2. Красавица и чудовище

Выбор Александра пал на меня не потому, что я была богата, умна или образована, а лишь потому, что я была «красавицей, красавицей, красавицей», как скажет восторженная и шутливая Долли Фикельмон, одна из его бывших любовниц.

Александр только-только пересек символический рубеж тридцатилетия; он горячо желал «остепениться». Разве не сам он написал: «Мне уж тридцать минуло. В тридцать мужчине должно жениться». Он прекрасно осознавал, что при дворе его образ «старого холостяка», несмотря на все его бесчисленные победы, пятнает его репутацию.

Знаменитый «Летучий Голландец» после долгого плавания окончательно решил бросить якорь!
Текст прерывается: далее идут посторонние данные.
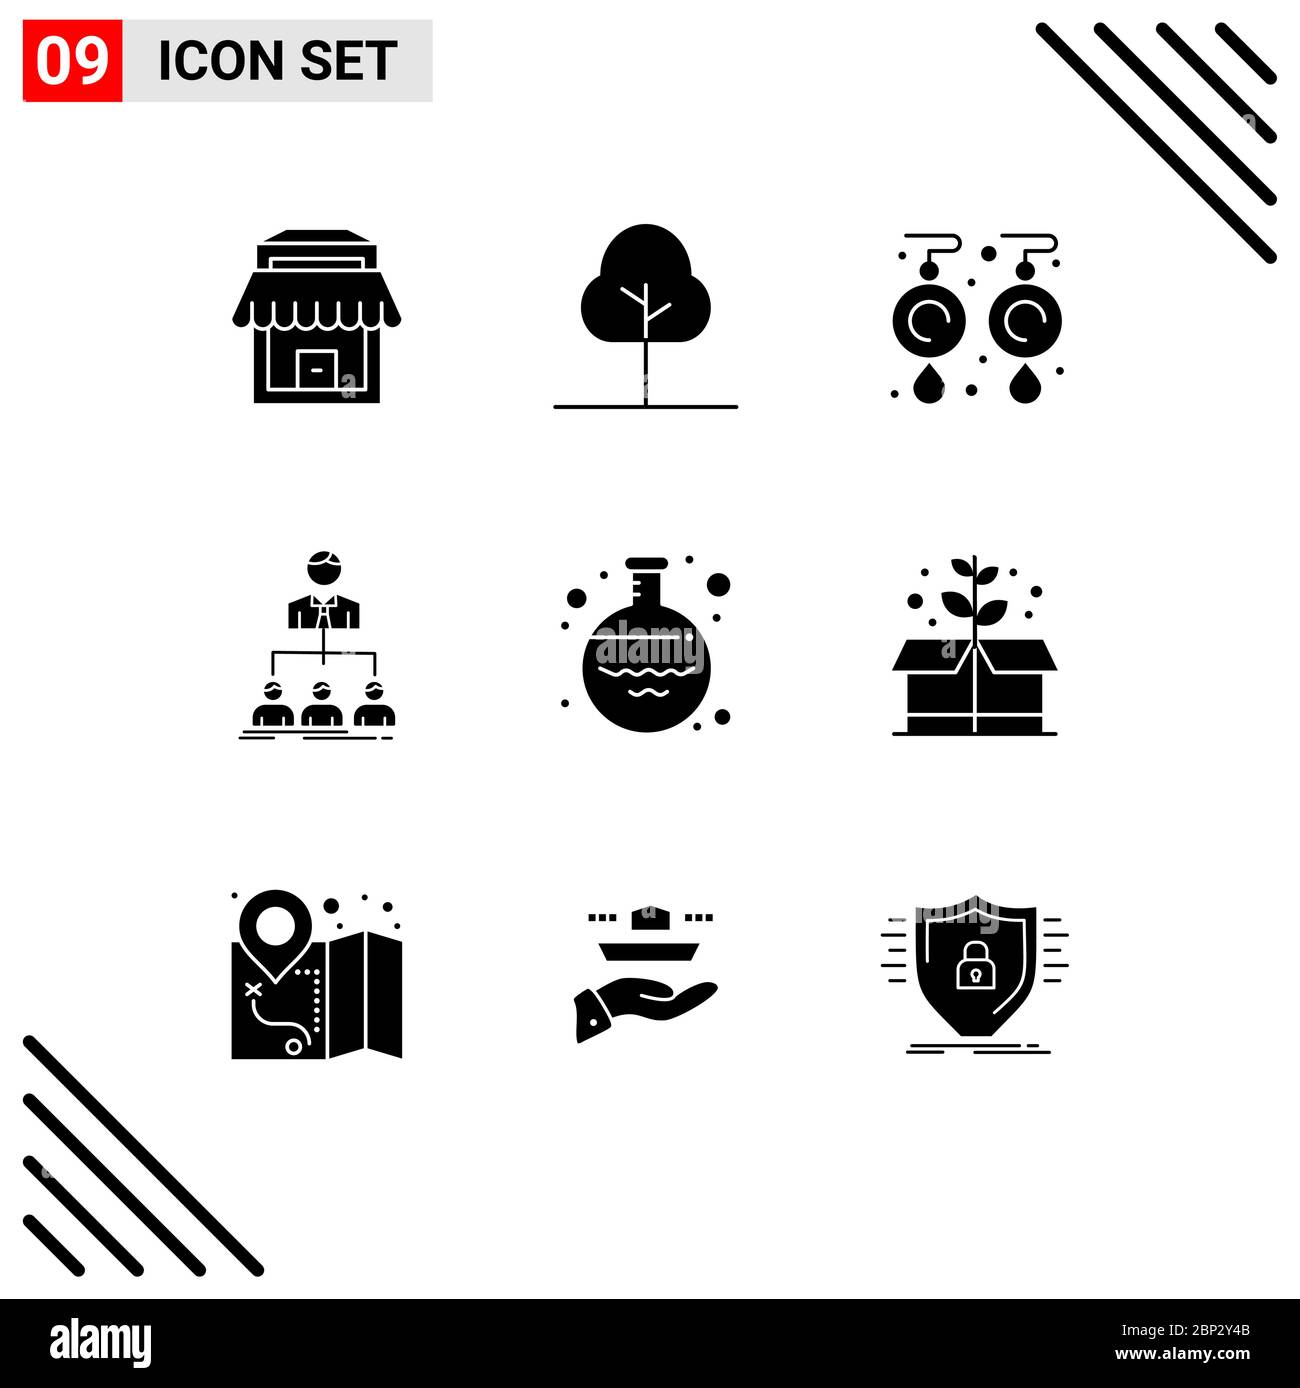 9 iconos creativos modernos signos y símbolos de farmacia, matraz, joya,  empresa, organización elementos de diseño vectorial editables Imagen Vector  de stock - Alamy

Я стала его тихой гаванью, по крайней мере, он так надеялся.

В нашем обществе главным была видимость. Александр желал поступить согласно нравам и обычаям того времени: остановить свой выбор на красивой женщине. Мой облик в некотором смысле придавал Александру определенный вес по образу и подобию богатого «барина», вроде тех, кто кичился обилием своих «душ», как то описано в романе Николая Гоголя.

Красота была единственным моим достоянием. Александр прекрасно это понял, я была его рыночной ценностью, наградой, которой он козырял, плодом его побед!

Мы, красивые русские женщины, обеспечивали социальный статус мужчинам, которые нами обладали. С какой великой гордостью на каждом балу мужья с выставляли нас напоказ; как же это походило на парад молодых кобылок в праздничной сбруе. Никто не осмеливался показаться при дворе без парадного убора в виде женщины – супруги, любовницы или обеих сразу. Невозможно было представить себе аристократа без юной красавицы.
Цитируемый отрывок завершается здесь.